In the face of the Health Secretary’s ‘war on overspending‘ healthcare analytics and health economics can show where redistribution of budget can make huge impacts on systems under pressure. But are facts and figures enough to help people working at the highest alert levels make room for new ideas in their day? Senior Communications Manager Tom Parnell takes a look at how we turn charts into change.
Delivered with a K.I.S.S.
My mother-in-law is on the phone to an NHS nurse. She’s thanking him for his help but telling him it’s ‘not the right time’ for her to quit smoking. This is a lie.
My mother-in-law has COPD, the complex system that is made up by her respiratory organs is failing under the pressure of having to regularly deal with an intake of tar and other noxious chemicals.
The NHS knows the solution to this problem – my mother-in-law needs to quit smoking. There’s reams of scientific evidence to back up this conclusion. Years of studies, papers and carefully analysed data all point to quitting smoking leading to improvements for COPD and even reducing risk of death, it’s even written on the side of cigarette packets.
My mother-in-law wanted to quit, she went to her GP for help, and was given all the NHS’s tools which they use to support patients in this extremely difficult venture. These included reams of leaflets and information to read, instructions on keeping a no-smoking diary, setting up alerts for applying nicotine patches and various other measures that the quitter is supposed to take.
The result? My mother-in-law felt overwhelmed. The ‘help pack’ ended up adding a considerable amount of stress onto what is widely recognised as an already highly stressful activity to undertake, and so she gave up giving up.
So what happened here? We know the science is good. Those quitting methods, keeping a diary, setting timers, etc. have almost certainly been successfully tested on other patients. But the NHS gave her everything at once and told her it was all equally as important. This brings us to lesson 1: K.I.S.S. – Keep It Simple Stupid!

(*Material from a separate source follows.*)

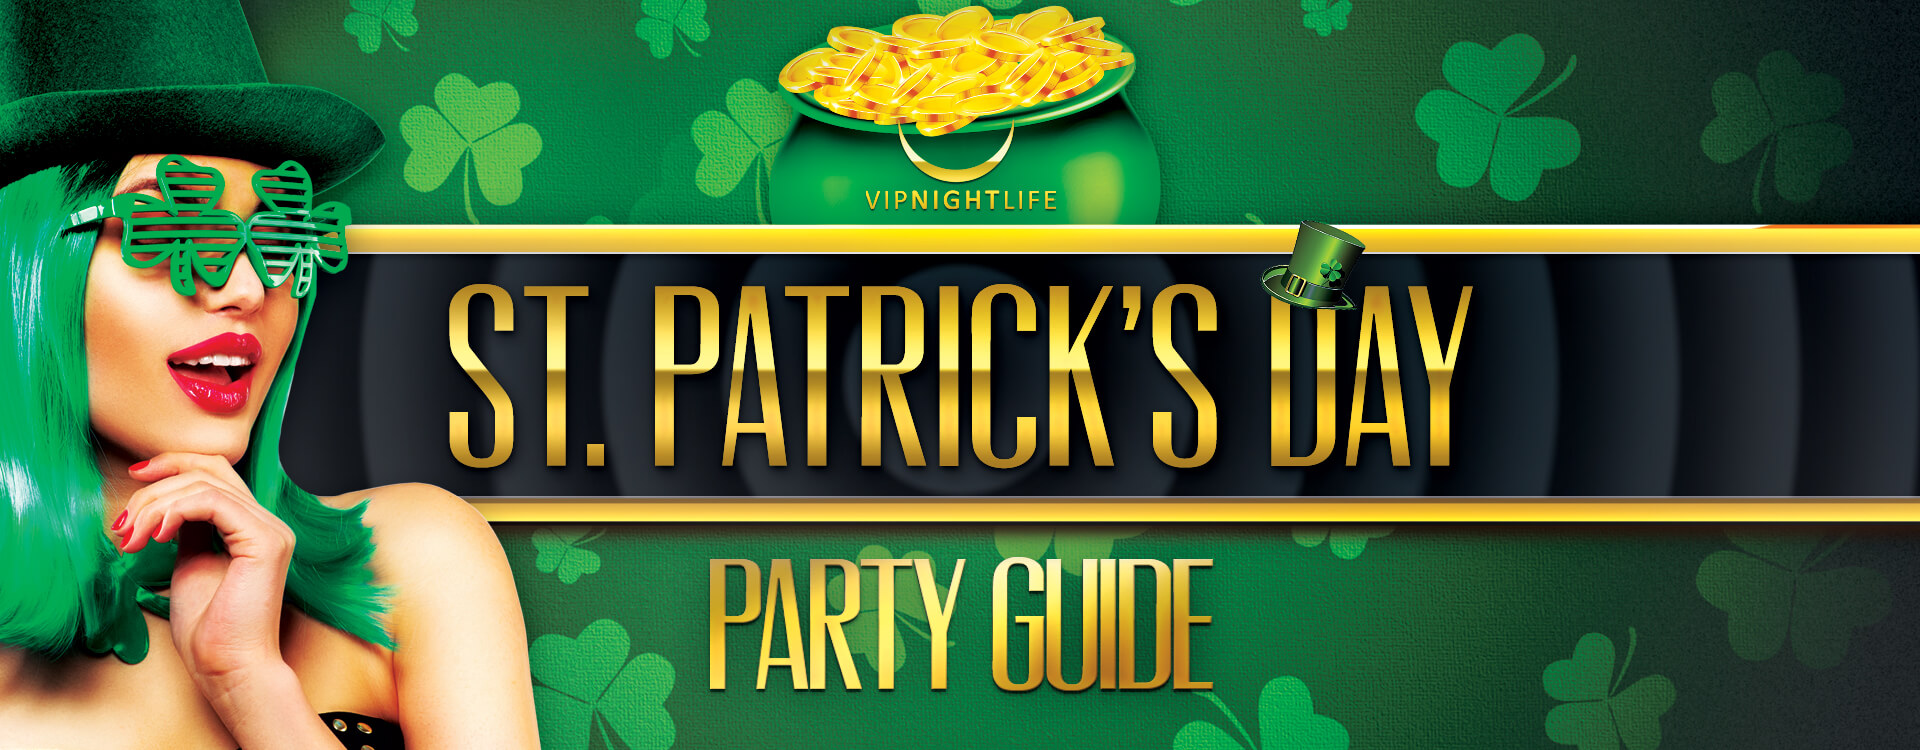 St. Patrick's Day Special Events Guide

In case you haven’t already guessed the subtle analogy I’ve been building up to, we at the Health Economics are experts at finding evidence-based impactful changes in complex system. Our work using allocative efficiency to analyse COPD pathways for ICSs and ICBs found numerous potential improvements which could improve population health while not adding to the system’s budgets.
We worked with huge data sets, as well as swathes of information gathered from patients, clinicians and other stakeholders, all put through the kind of algorithms that Hollywood films put on chalk boards to demonstrate that the film’s hero is taking a maths class for super geniuses.
We could have just handed all our workings out over in a huge document, said “it’s all in there”, collected our cheque and gone home. We would have given the system leaders all the information they needed, they just would have to have read several thousand words to find and understand it, and ultimately nothing more would have happened.
Instead, because we had already engaged with stakeholders across the ICSs and ICBs we were able to give them the recommendations they needed, in a format they could use. Clear and simple changes they could make in budget allocation and commissioning of services, to potentially keep hundreds of patients out of hospital for longer, saving millions of pounds further down the line. While it’s important to have the ‘why’, and we always show our workings, some people just need to know the ‘what’ so they can take the next steps to improvement.
If in doubt, trust yourself. I’m no analyst, I’m a communications professional, so when it comes to complex data I consider myself the ‘stupid’ in the K.I.S.S. acronym, and my rule is “if I can’t understand what we’re recommending, then other people won’t.”
More than just a number
Change is driven not only by evidence, but also by passion. Our work for Marie Curie UK, in collaboration with the Nuffield Trust, showed that at least £22.1 billion is spent on end of life care every year in the UK, with 81% of health spend spent in hospitals.
Your average person, upon hearing this figure, might think little more than “Huh, that’s interesting.” but by understanding the story behind the data – the numbers of people dying in hospital, who would rather be dying at home and the cost and pressure this also puts on the NHS – and combining it with Marie Curie’s passion to improve end-of-life care in the UK, we are able to drive significant change.
Soon after its publication, our work was driving debate on Radio 4’s Today programme and BBC 5 Live’s breakfast show, and making headlines in the Independent, the Mail, the Mirror, the Standard, the Express and the Guardian, as well as the BMJ and The Carer.
Most impactful of all, Lisa Cummins, of the HEU, joined representatives from Marie Curie and the Nuffield Trust at a parliamentary roundtable, where our evidence was shared and MPs were briefed on how this should feed into the NHS’s 10 Year Plan to improve care for the dying.
Our analysts are great at understanding healthcare data and pulling insights from it, but sometimes we need to take a moment to think about the lives which our statistics cover and the stories which the numbers contain.
Thanks to analytics, we continue to discover more ways in which we can collaborate to improve population health, but it is only through effective and passionate communication that we can turn these ideas into action.